‘Yes, sir,’ said the maid; ‘I’ll tell her you want to see her, sir.’
Presently Joanna came down, her face flushed, in great excitement.
‘What was that row about?’ asked Mr. Worthivale, still in the hall. ‘Were you and Emily having romps or tickling each other? Or have you hurt yourself? I care not. I will not have a caterwauling in my house. Why, bless my soul! the Duke or one of their Lordships might have been here, and then—what would have been thought of my house, I should like to know? What made you scream, or laugh, or cry, or whatever was the noise I heard?’
‘Please, sir,’ said Joanna, half crying, ‘it is too bad! I had set my heart on it, and now it is utterly spoiled.’
‘What is spoiled?’
‘The pink silk.’
‘Pink silk! What pink silk?’
‘Oh, sir! I had a beautiful pink silk dress, and as there was to be a dance at Court Royal for the tenants and servants, I sent to Plymouth to have it forwarded.’
‘Pink silk! What next! You come out in pink silk!’
‘Lady Grace has been teaching me to dance. Miss Lucy can tell you, sir; she has helped.’
‘But—that does not justify pink silk.’
‘I can’t wear it; it is spoiled,’ said Joanna in a doleful voice. ‘The Ems Water has run all over it.’
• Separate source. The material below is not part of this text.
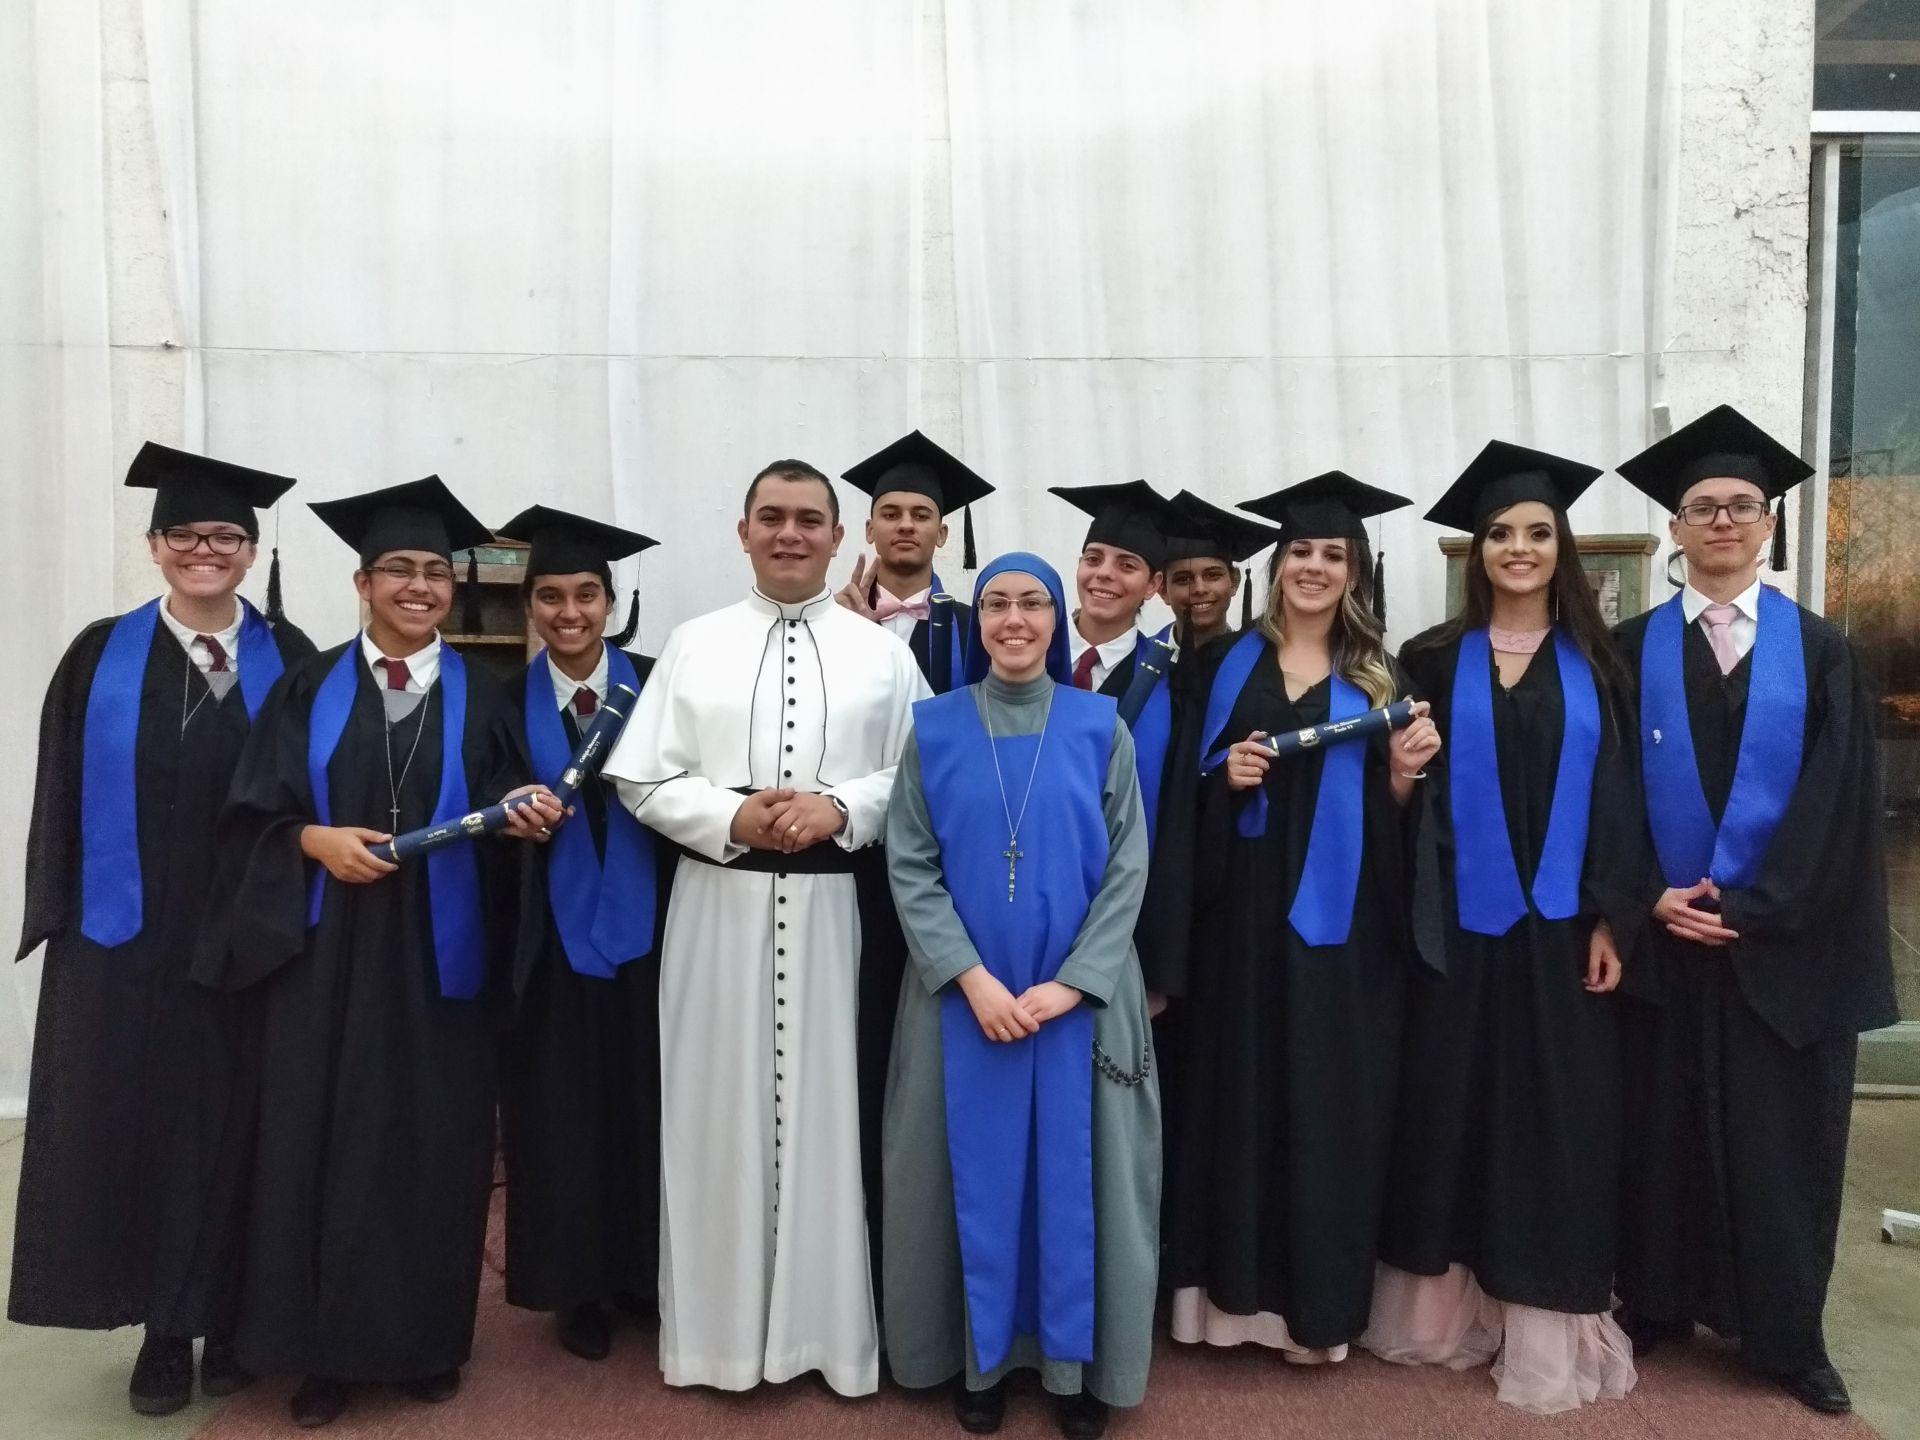 Os Diretores do Colégio Diocesano Paulo VI e os formandos da 3ª série do Ensino Médio

‘Ems Water!’ gasped Mr. Worthivale. ‘What have you to do with Ems Water?’
‘Please, sir, the master put in three bottles with the pink silk, because, he said, the change of diet here might have heated my blood, and something cooling and lowering
’‘The master!—What master?—Colonel Delany?’
‘No, sir, not Colonel Delany; another master.’
‘What, a doctor? I did not know you had been with a doctor.’
‘He was not exactly a doctor—but he did bleed people pretty freely.’
‘Oh, a surgeon. Right. Only the ignorant call surgeons by the title of doctor.’
‘And one of the bottles of Ems Water is broken. I found it broken in the box, and the water has wetted and stained my dear, beautiful dress. I shall never be able to wear it now—never!’